Il prit un air enjoué et ils entamèrent la route qui allait les mener jusqu'à Pau à un bon rythme, c'est-à-dire aussi vite que le néo-palois pouvait progresser avec le handicap de sa patte folle. Les soins reçus étaient néanmoins efficaces puisque la douleur, bien que toujours présente, était largement supportable et le laissait avancer sans trop ralentir sa compagne de voyage. L'air était pur, froid mais dégagé, sans vent, temps idéal pour la marche s'il avait pu faire quelques degrés de plus. Ils ne firent que de rares et courtes pauses, pressés d'atteindre leur but, qu'ils voyaient au loin, aidant à garder courage. Faebur jetait de fréquents coups d'oeil vers Kalliopé, impressionné de la voir marcher ainsi, sans s'économiser, mais sans se fatiguer non plus, cela se voyait qu'elle avait l'habitude de voyager, comme tous les bohémiens d'ailleurs.

Ils arrivèrent à Pau en fin de journée, et Faebur poussa un soupir de soulagement en franchissant les portes de la ville, repérant rapidement les nombreux soldats qui patrouillaient de tous les endroits stratégiques de la ville. Visiblement, les Helvètes et les sicaires du Lion de Juda inquiétaient toujours autant les autorités béarnaises, avec raison sans nul doute. Direction l'auberge "le refuge", tenue par Phonya, où Faebur, toujours accompagné de Kalliopé put prendre connaissance d'une courte missive qui lui était adressée. Il la lut plusieurs fois avec attention, avant de la jeter au feu d'un geste brusque. Pas besoin que des personnes mal intentionnées tombent dessus et ne s'empressent de tirer des plans sur la comète. Il se tourna vers la jeune femme qui attendait patiemment et esquissa un sourire gêné.


En fait heu... C'était vraiment très gentil à vous de venir avec moi jusqu'à Pau mais... D'après ce que je viens d'apprendre, il ne faudrait pas que je reste en ville. Aimeriez-vous m'accompagner ?

Il vit la jeune femme hocher la tête et prendre une expression pensive. Ignorant le contenu de la missive qu'elle avait reçue, il se doutait qu'elle allait décliner sa proposition, mais lui laissa le temps de la réflexion, croisant discrètement les doigts pour se tromper. Au bout d'un silence qui lui parût durer des heures, Kalliopé le regarda droit dans les yeux et le surprit en lui annonçant qu'elle était prête à le suivre, au moins pour un certain temps. Cette réponse, qui lui laissait la possibilité de l'abandonner dès le lendemain convenait toutefois parfaitement au jeune homme.
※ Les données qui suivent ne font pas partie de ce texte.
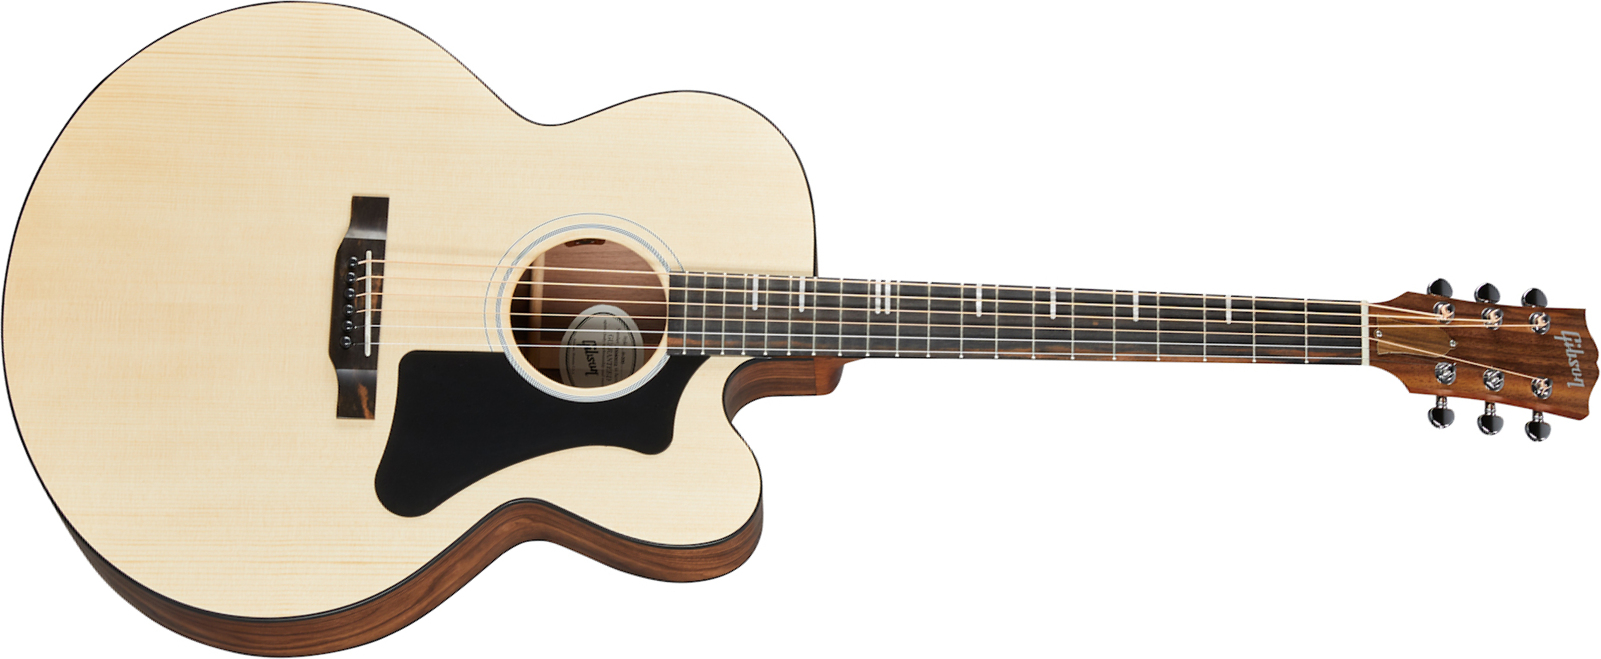 Gibson G-200 Ec Jumbo Modern Cw Epicea Noyer Wal Eb - Natural Satin - Guitare Electro Acoustique - Main picture

Après une courte nuit passé, enfin, au chaud, dans une petite chambre de l'auberge, que Faebur insista pour payer, malgré les dénégations de la jeune femme, chambre à deux lits bien entendu, ils se levèrent une nouvelle fois dès les premières lueurs du jour et se dépêchèrent de se mettre en route. Les douaniers étant nettement moins réveillés, et donc moins tatillons, quand il est tôt, ils purent sans problème sortir de la ville et apprécier le paysage de la campagne béarnaise qui s'étalait devant eux. Ils hâtèrent le pas et disparurent derrière un bosquet au détour d'un chemin, cachés aux yeux des citadins qui auraient pu tourner leur regard dans la direction où ils étaient partis.